Implementation Of AI/ML Scoring System in FinTech

$25,000+
more 1 year
United States
6-9
view project
Service categories
Service Lines
Artificial Intelligence
Big Data
Software Development
IT Services
QA and Testing
Domain focus
Banking & Financial Services
Other
Programming language
Python
Frameworks
.NET
Subcategories
IT Services
Outsourcing

Challenge

Our client is a financial company that specializes in providing financing to small and medium-sized businesses in the US. The client approached us to improve the underwriting process by integrating various third-party applications to collect and validate data, and further implement machine learning (ML) tools.
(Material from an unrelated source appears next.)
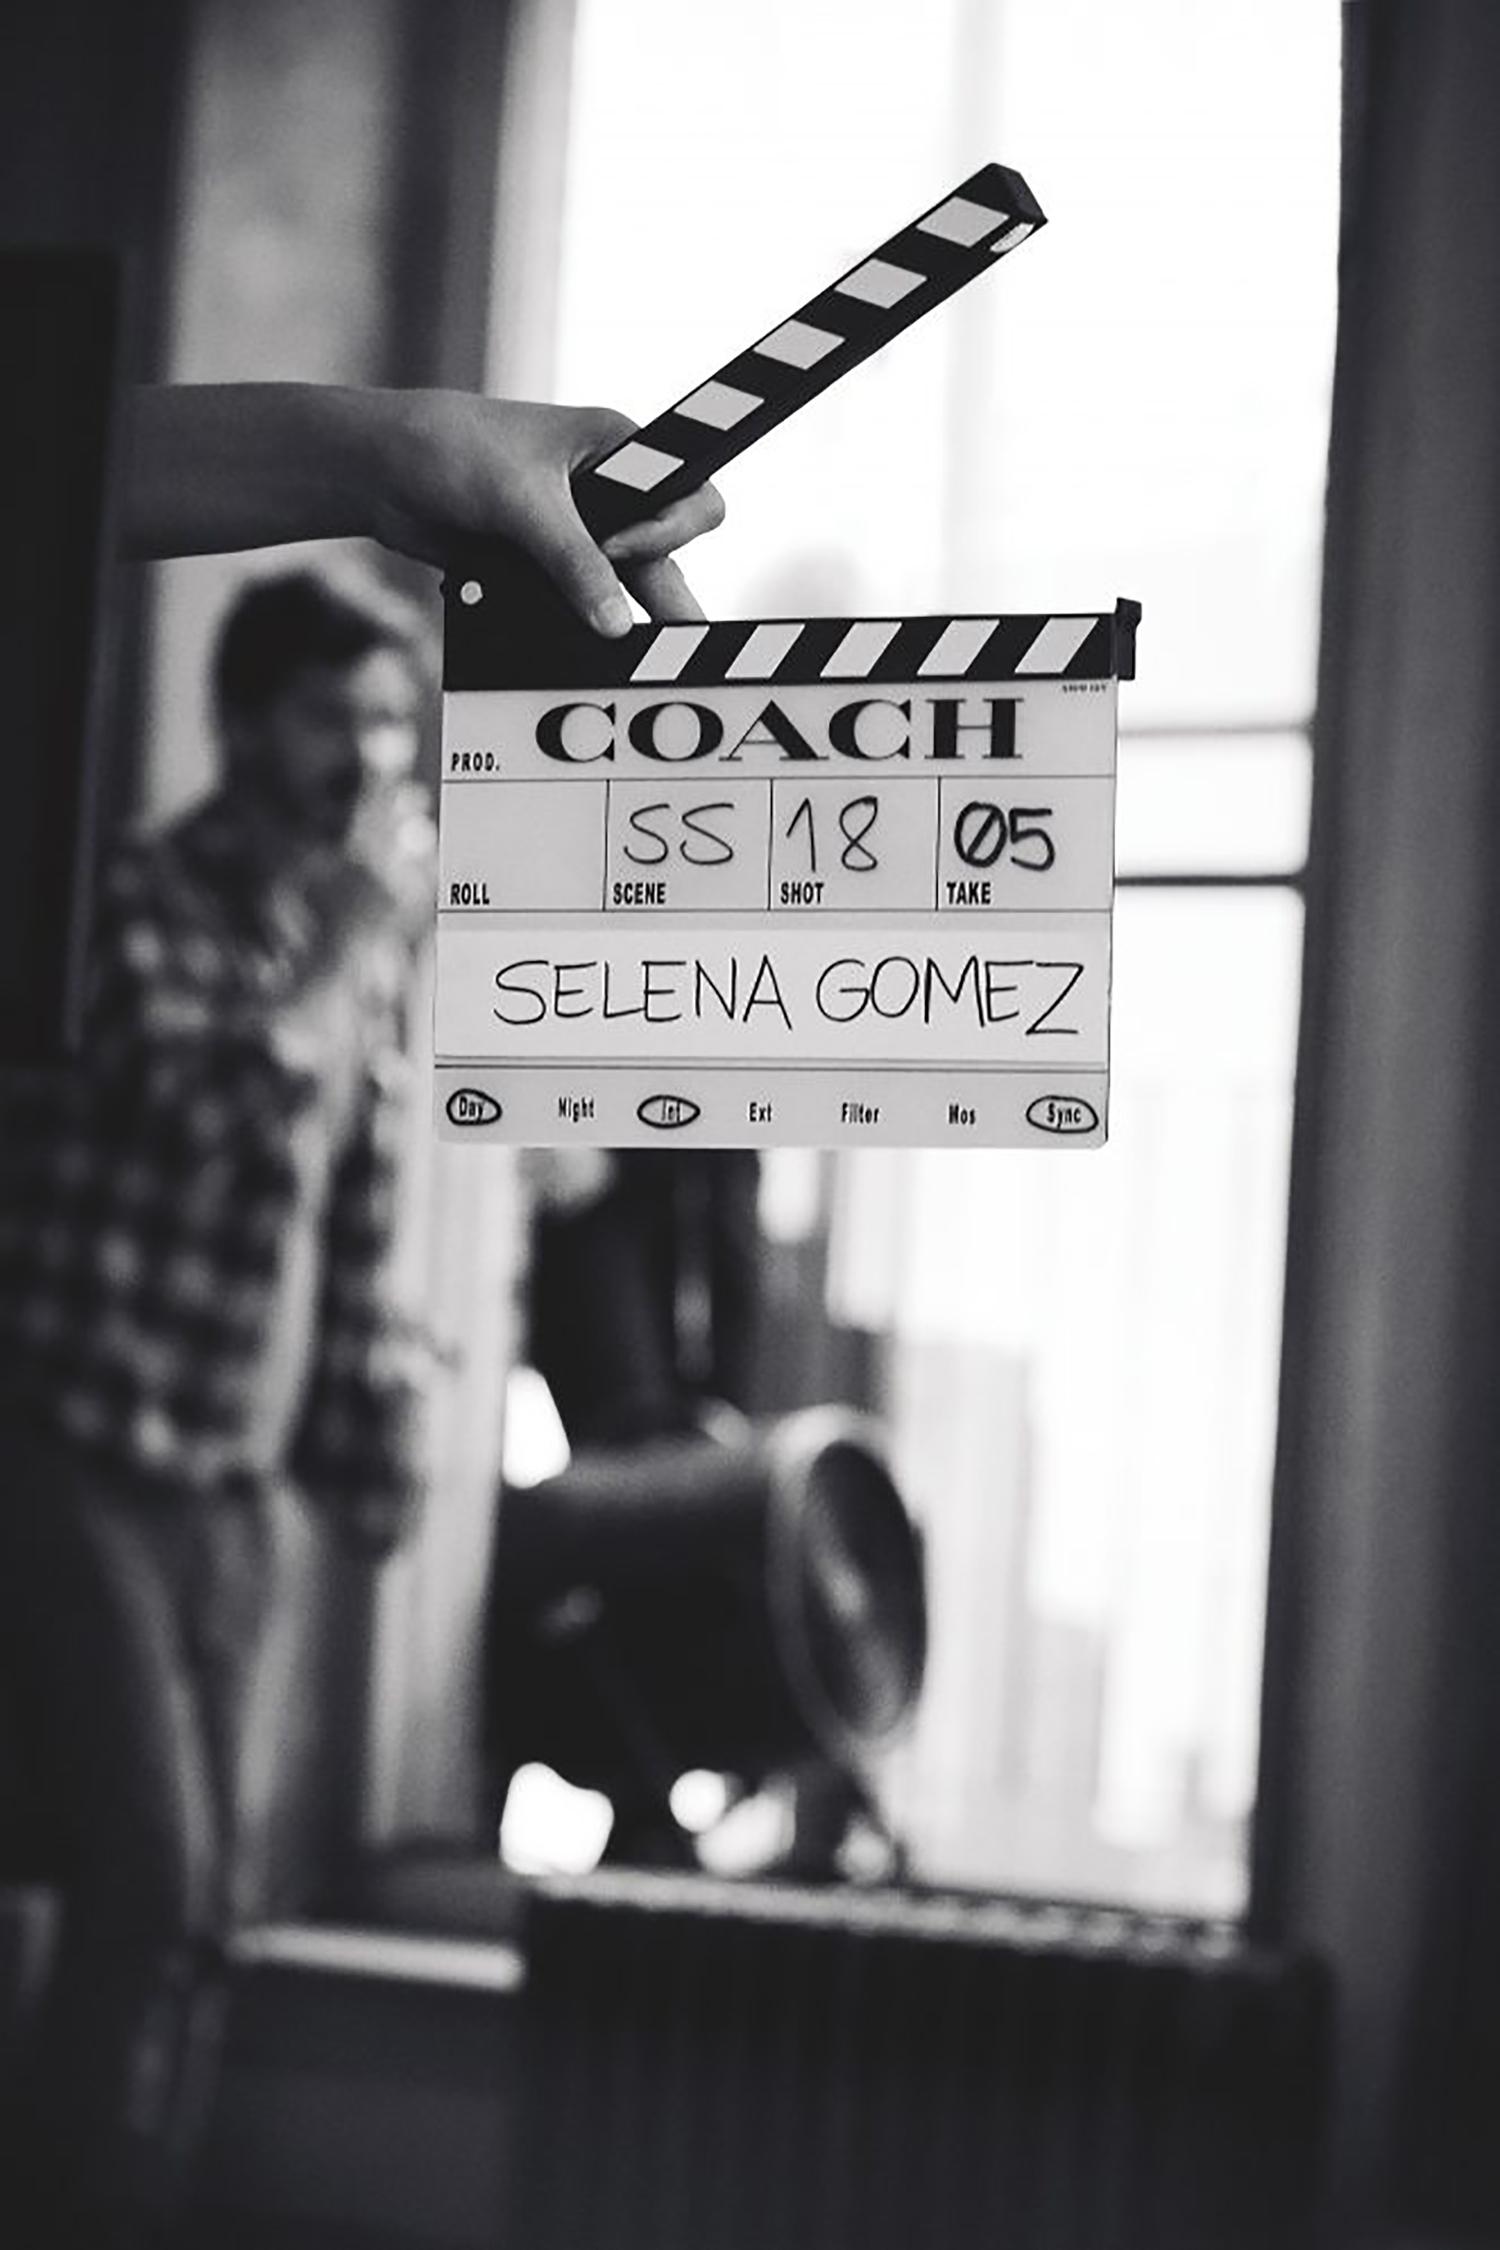 Selena Gomez hợp tác với Coach tung ra BST túi xách thời trang trong chiến dịch Mùa xuân 2018

Because manual underwriting is a rather time-consuming process, several employees usually work on processing applications simultaneously. Parallel processing reduces audit accuracy due to the usual human factor. The probability of error and loan default increases, but at the same time, the cost of the entire process increases due to the high cost of human labor. In summary, time, price, and poor quality were the main challenges to success.

Solution

The development team had a task to create an automated system that could efficiently collect, process, and validate data from many third-party services, assess the risks associated with loan applications, and offer informed decisions based on the information received. The expectation was for accuracy, reliability, efficiency, and independence.

Results

The ETL platform allowed our client to reduce costs by 55.5% compared to the classical method of integrating services. The introduction of artificial intelligence and machine learning technologies in credit analysis has improved the determination of the optimal default risk rating based on a wide range of data. Also, thanks to this solution, the total number of applications processed in 1 month increased by 144% over two years, the cost of operating expenses per application decreased by 47%, and the credit default rate decreased significantly. Due to the implementation of these technologies in our customer's business, we managed to reduce the client default rate from 24% to 14%, which is within the range of the norm in the North American financial industry.